Problem description:
Reproduce the listing below exactly. Pictures do not belong in the copy.

Data extract:
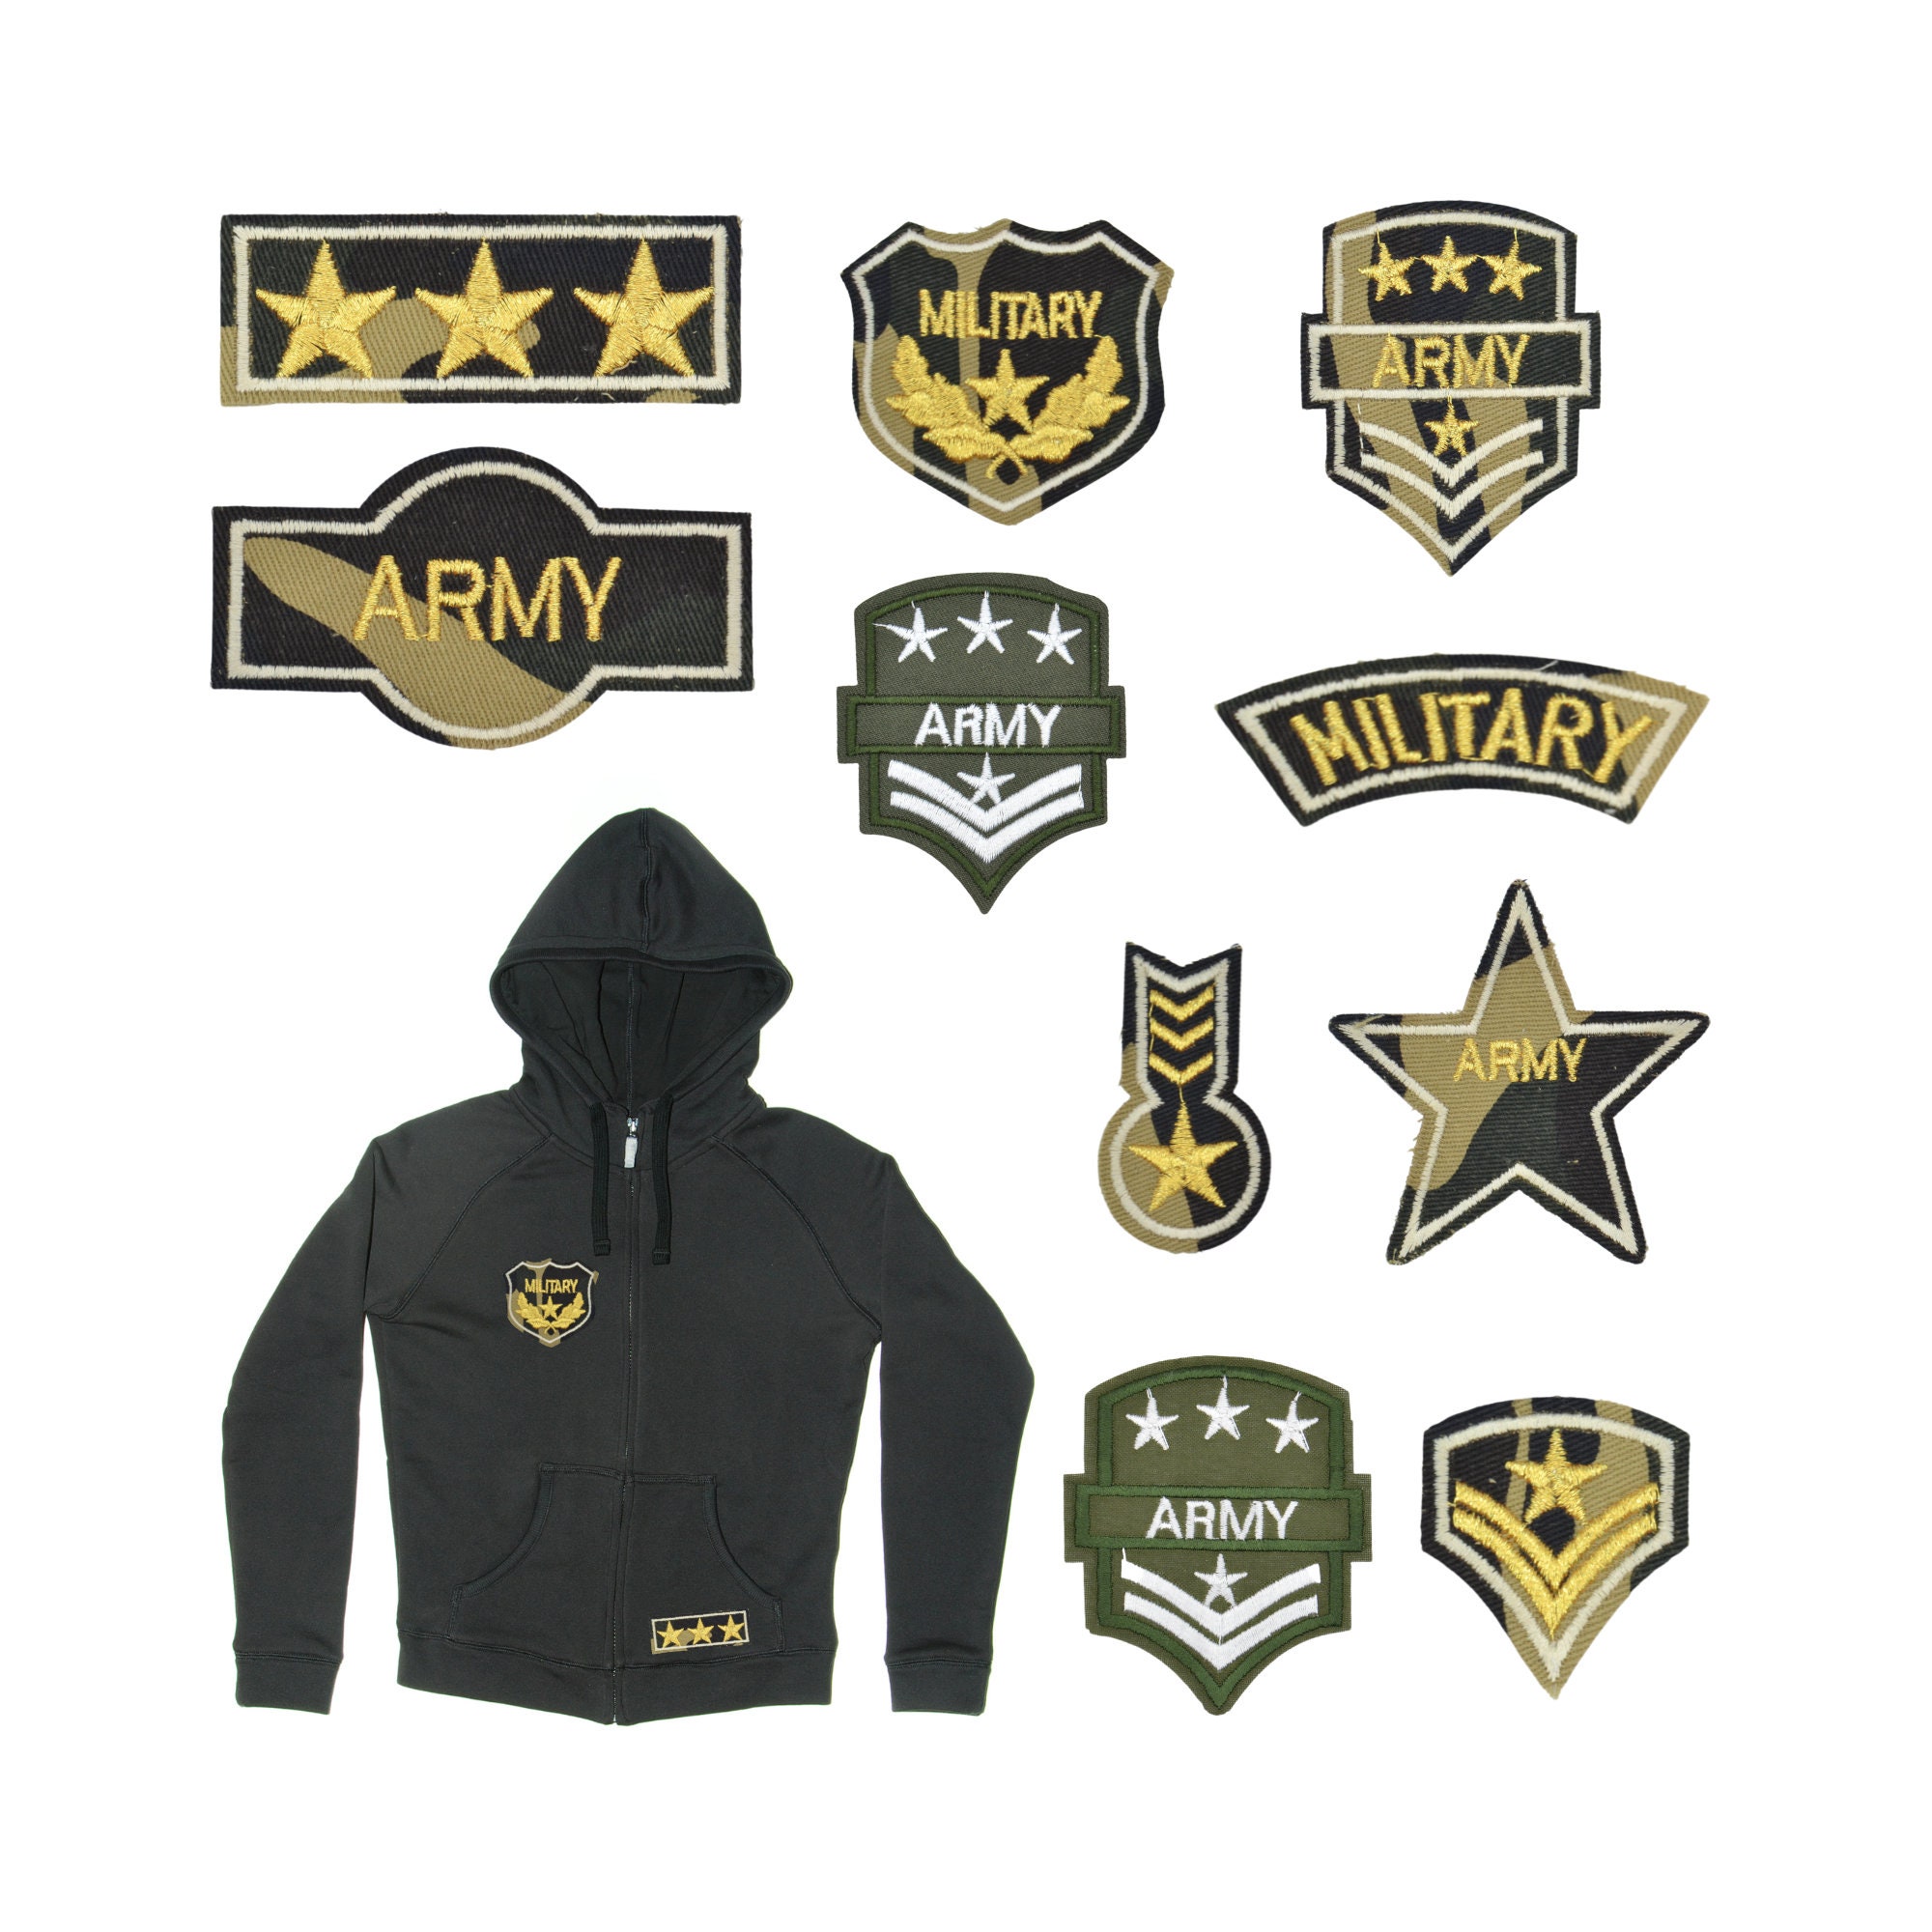 Conjunto de 8 parches bordados para planchar o coser en el ejército bordado  apliques militar bordado motivo transferencia oficial
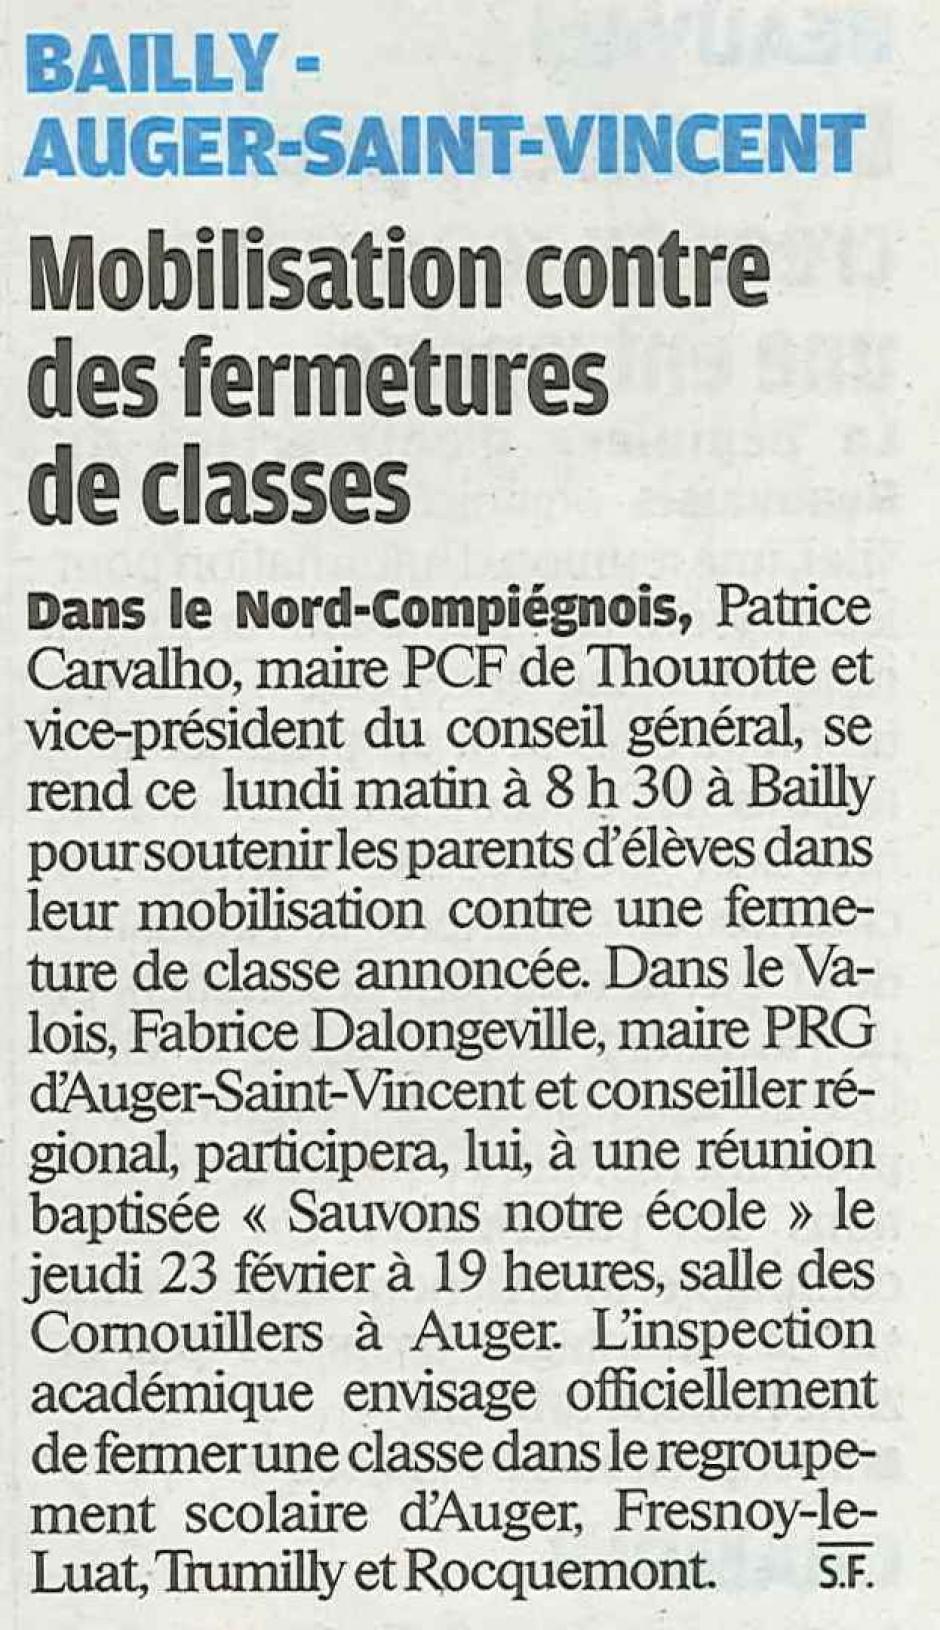 20120206-LeP-Bailly-Auger-Saint-Vincent-Mobilisation contre des fermetures de classes
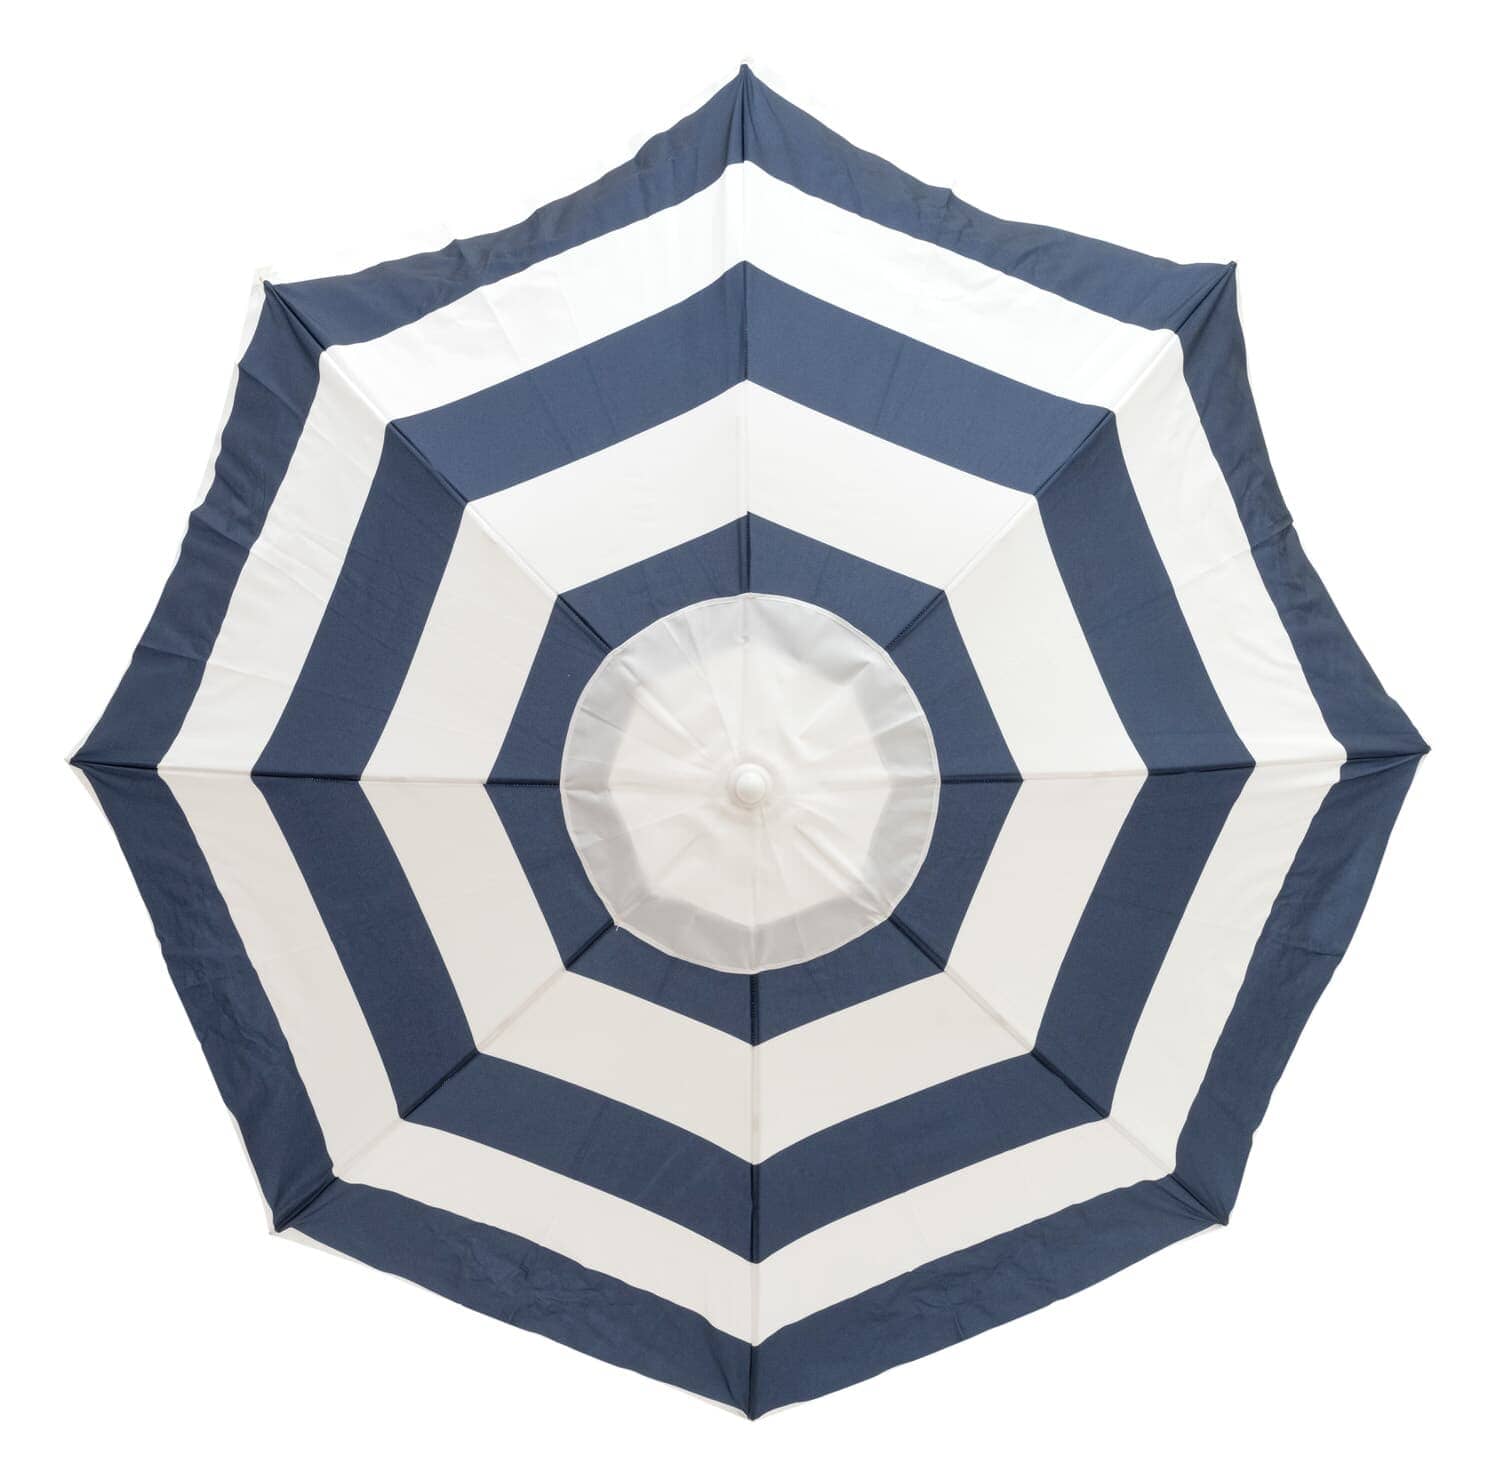 studio image of navy family umbrella

Response:
 Conjunto de 8 parches bordados para planchar o coser en el ejército bordado  apliques militar bordado motivo transferencia oficial
 20120206-LeP-Bailly-Auger-Saint-Vincent-Mobilisation contre des fermetures de classes
 studio image of navy family umbrella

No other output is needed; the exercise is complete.